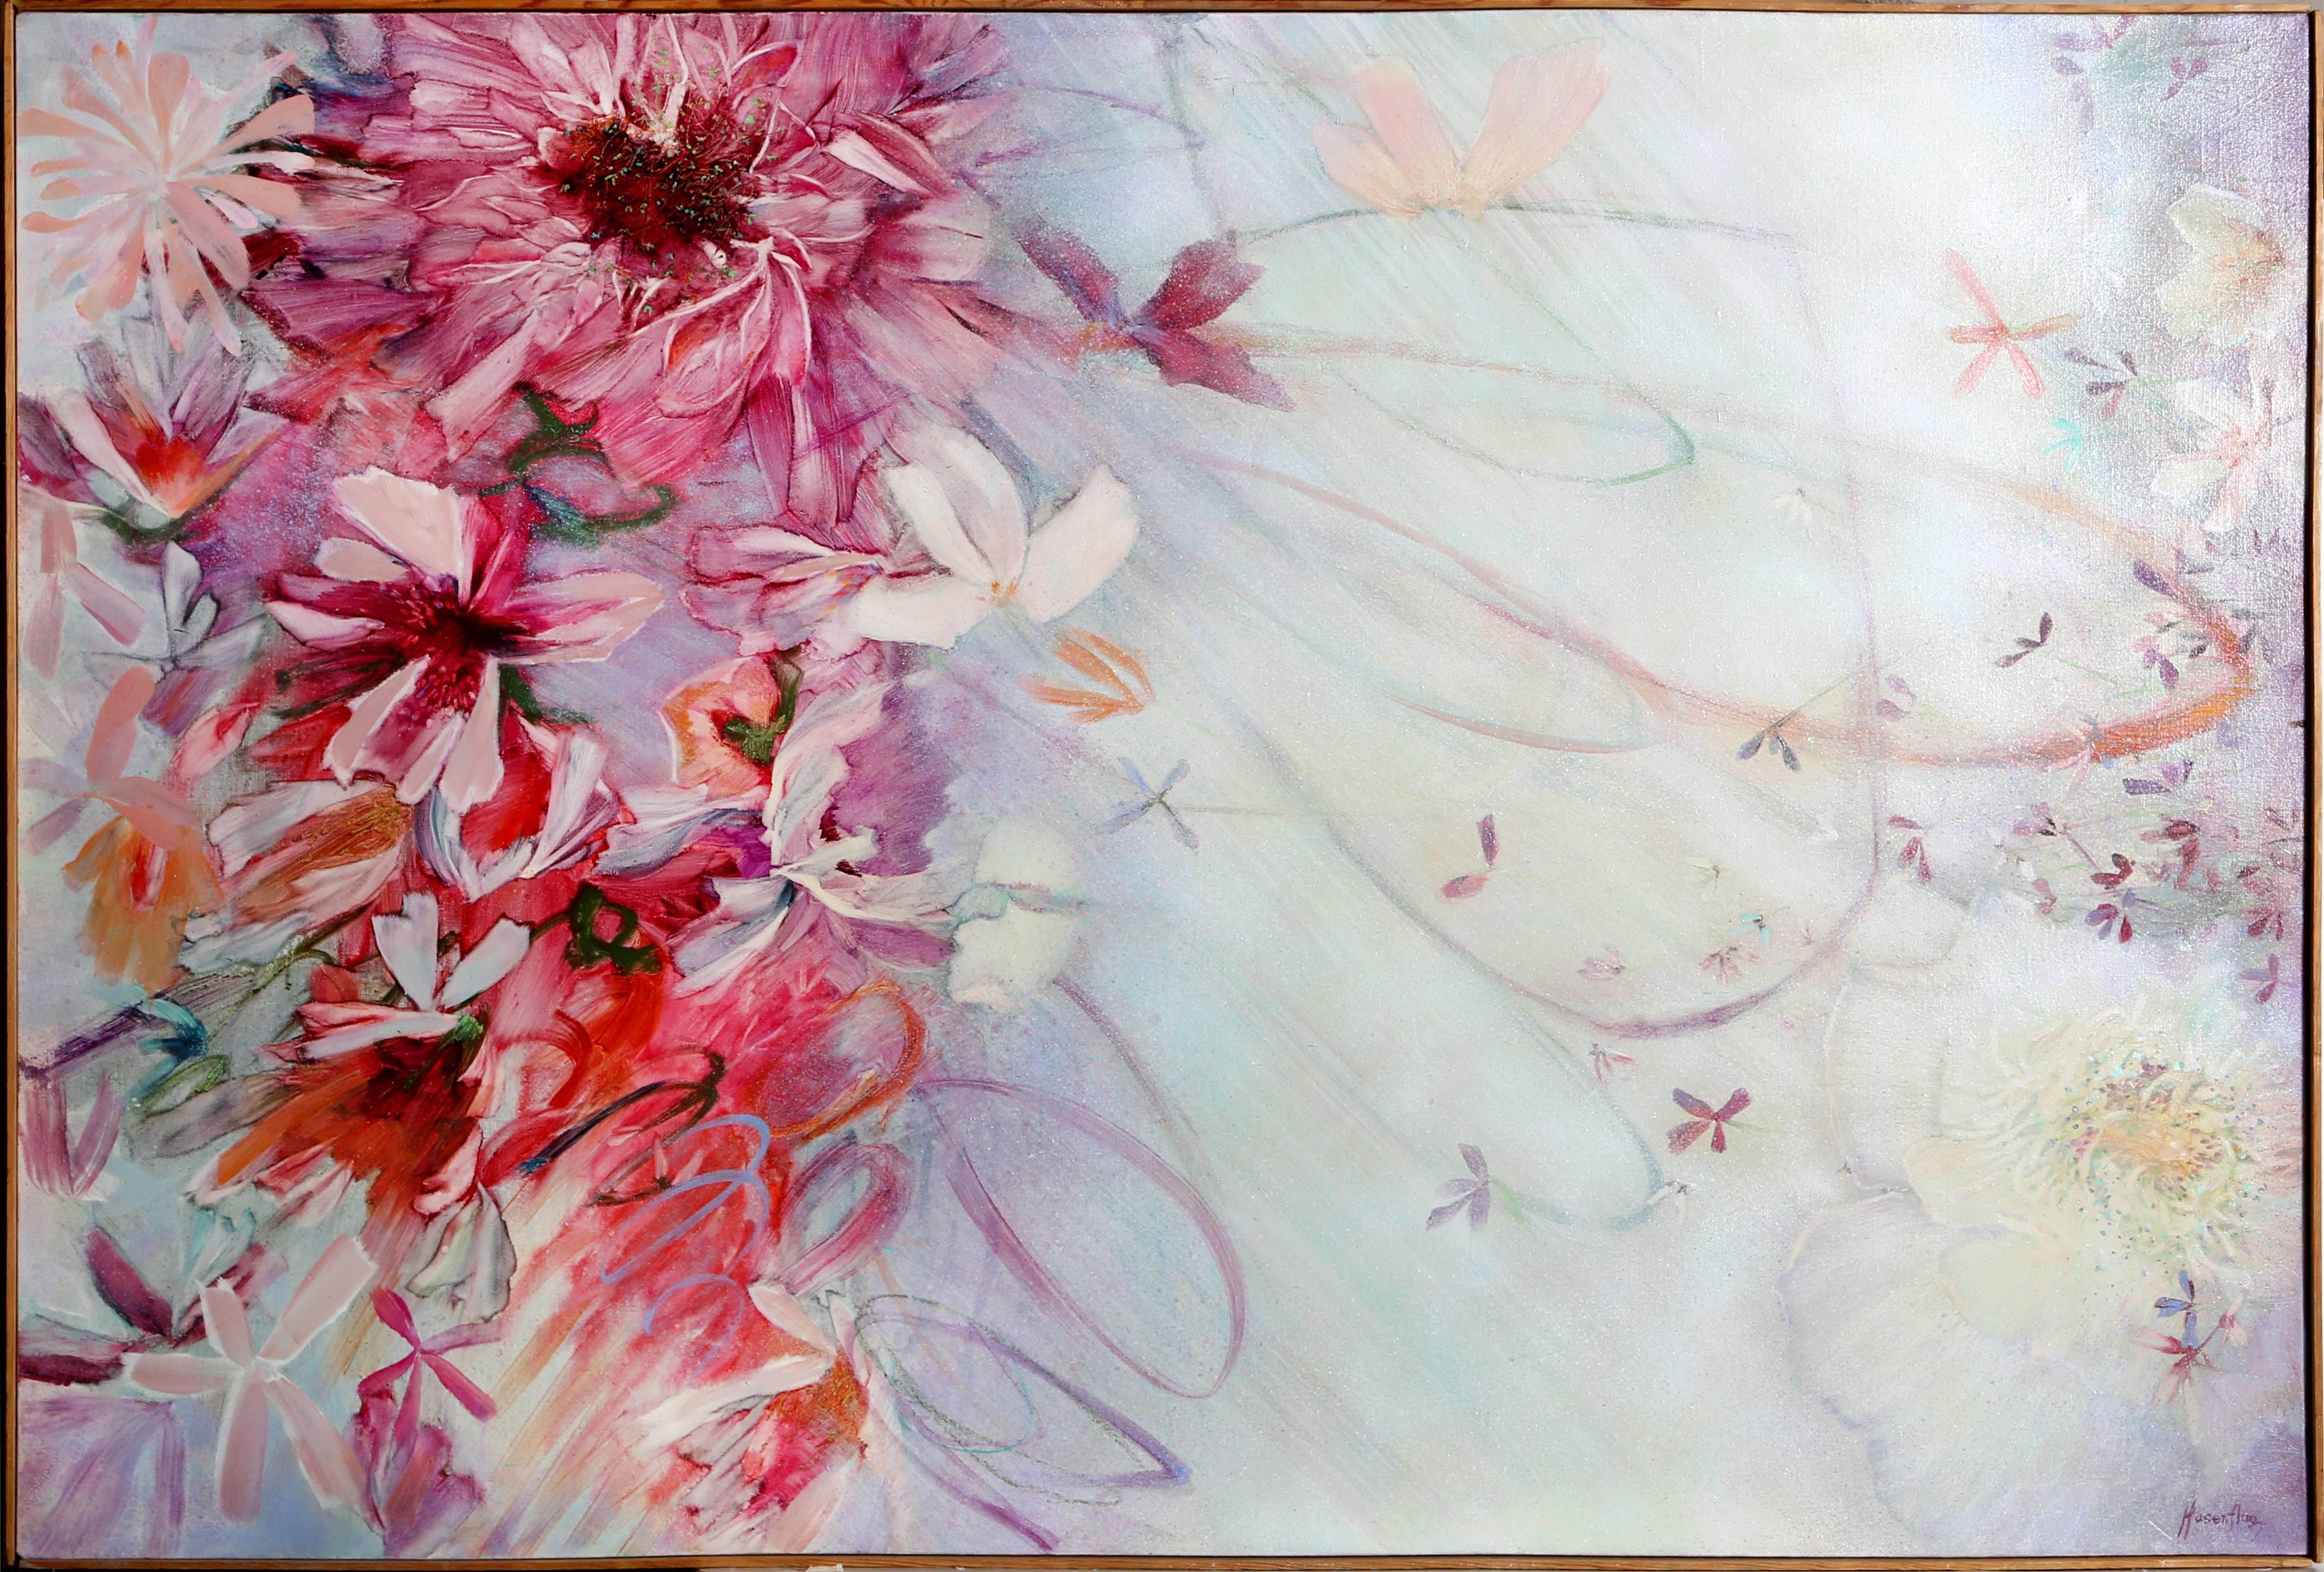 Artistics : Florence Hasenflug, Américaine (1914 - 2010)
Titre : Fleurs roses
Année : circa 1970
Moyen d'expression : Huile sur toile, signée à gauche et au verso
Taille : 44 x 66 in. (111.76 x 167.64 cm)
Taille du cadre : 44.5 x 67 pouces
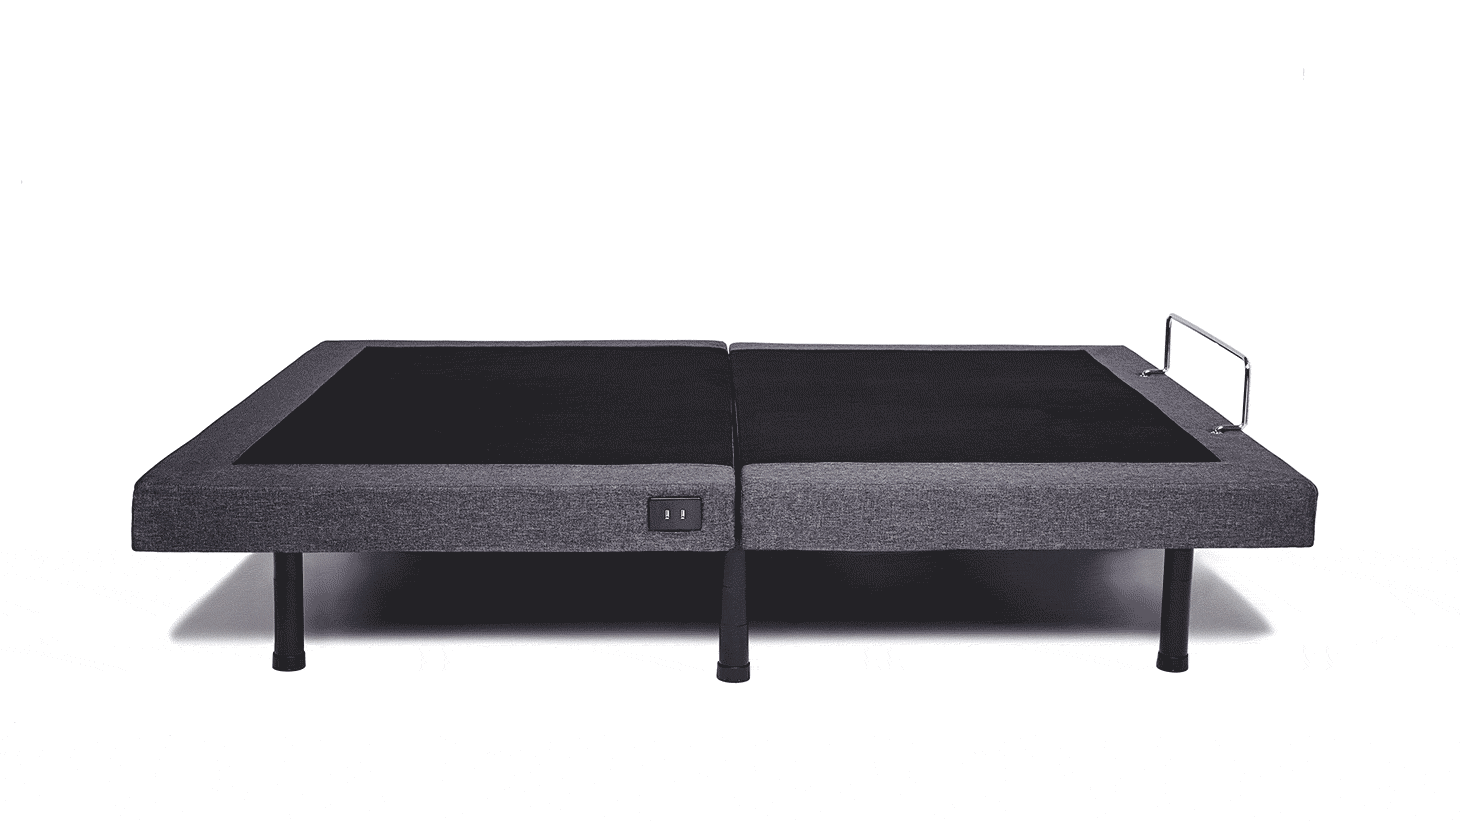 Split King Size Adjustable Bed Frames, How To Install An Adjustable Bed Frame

····················

* **Exercise goal**: In the data above, find each line that has the word "Taille" and copy it out.

* **Written solution**:
Taille : 44 x 66 in. (111.76 x 167.64 cm)
Taille du cadre : 44.5 x 67 pouces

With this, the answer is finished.